There was a steady increase in the growth of these diatoms with time, with populations cultured in 370ppm CO₂ experiencing significantly more growth than the other cultures.  The pH of the culture medium was more basic with increased CO₂ concentration in response to the amount of carbonic acid formed in the culture medium.  However, this pH difference did not directly affect the growth of the diatoms maintained under different CO₂ concentrations.  While the fluorescence of chlorophyll also increased with elevated CO₂ concentrations, the total pigment content (Chlorophylls a, c, and carotinoid) generally decreased with increased CO₂ concentration.  This result indicates that fluorescence may not be a reliable indicator of photopigment content. 

The carbonic anhydrase (CA) activity was highest at the lowest CO₂ concentration and at more basic culture pH.  These results indicate that more CA was produced to utilize the bicarbonate ions that are more plentiful in media with low CO₂.  Over time, there was a decrease in the concentration of inorganic nutrients (nitrate, phosphate, and silicate) with increased CO₂, and this was correlated with increased diatom growth.  The decrease in phosphate and silicate was rather dramatic and their concentrations did not recover after being depleted, unlike nitrate.  The sigmoid shape of the growth curves suggest that one or more of these nutrients may be limiting population growth.

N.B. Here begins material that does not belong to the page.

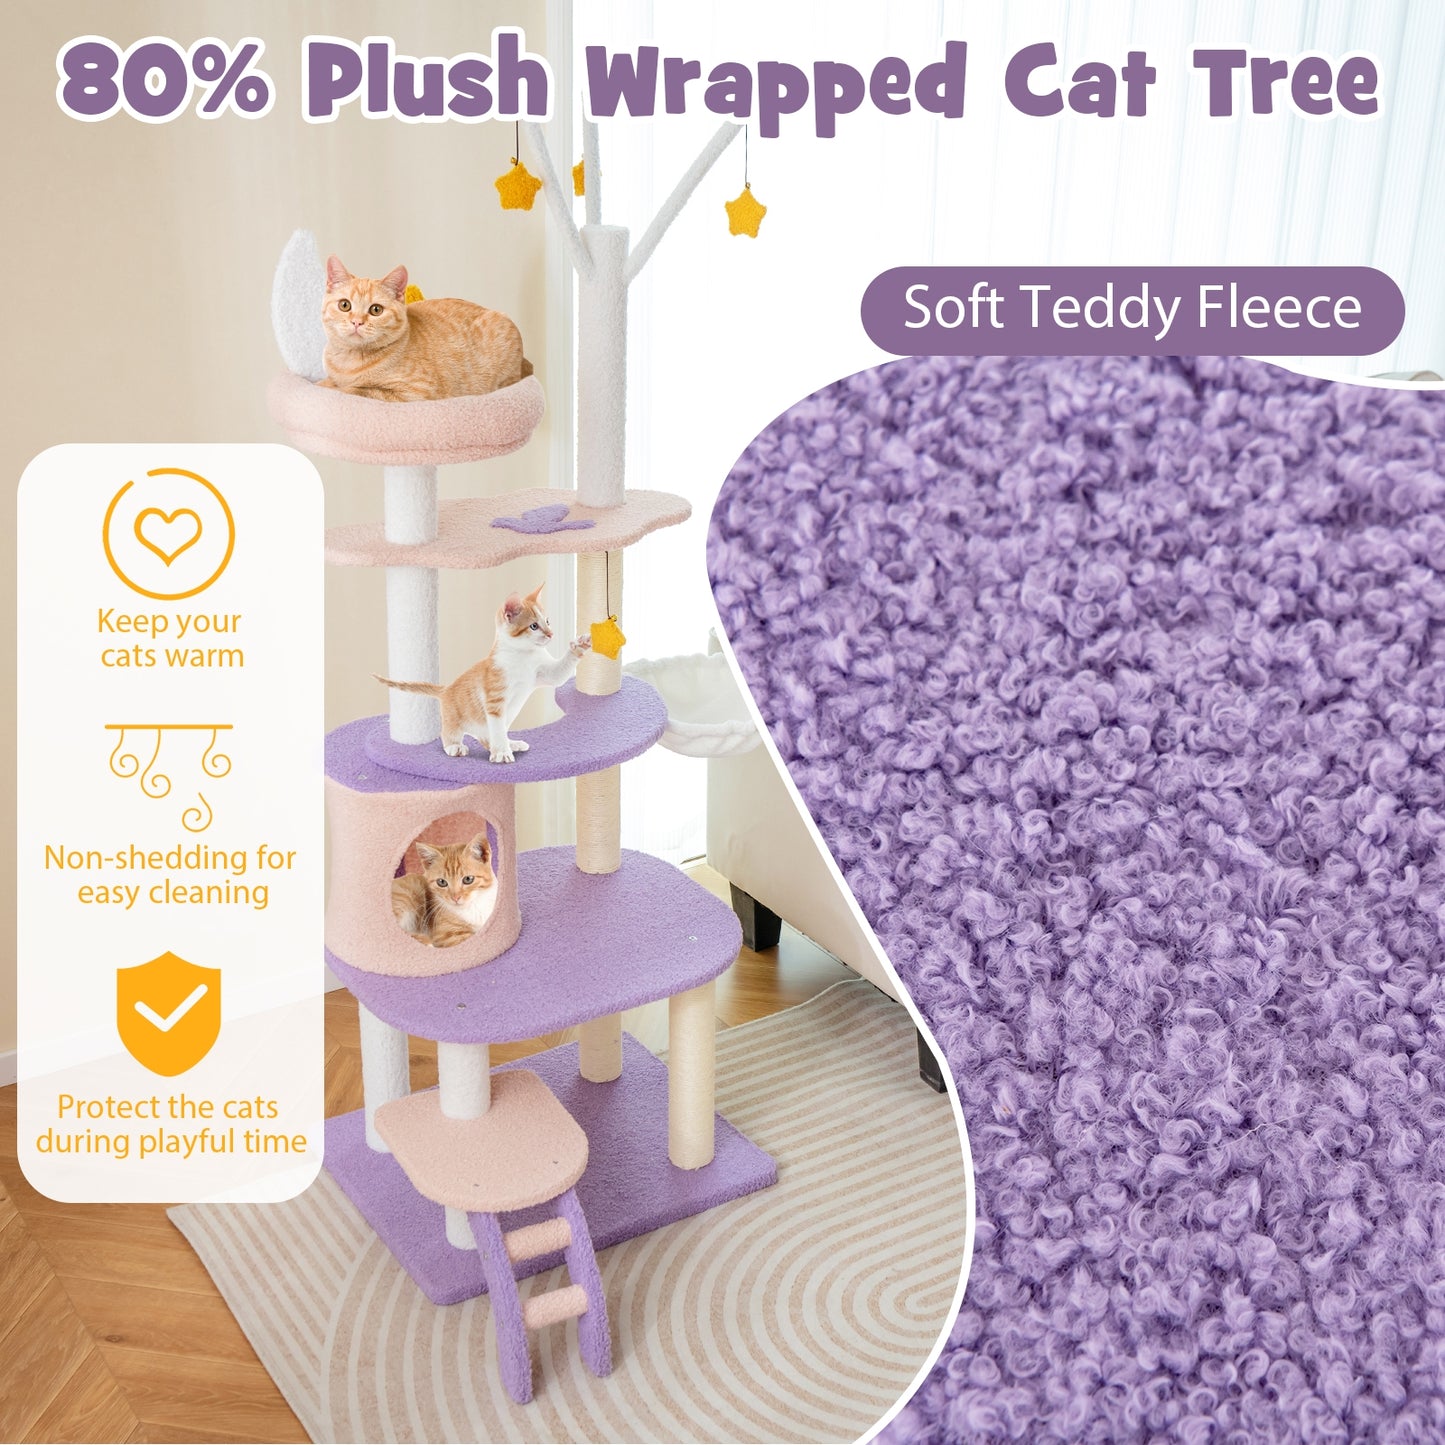 Multi-level Cat Tower with Sisal Covered Scratching Posts-M

These results indicate that populations of marine diatom T. weissflogii did not respond positively to increased CO₂ concentration in terms of growth as a likely result of inorganic nutrient limitations.   There was, however, increased chlorophyll fluorescence, decreased photopigments and CA activity as CO₂ concentrations increased.  The possible roles of diatoms and other photosynthetic marine algae in the flow of carbon between the atmosphere and the ocean, and their involvement in global warming were discussed.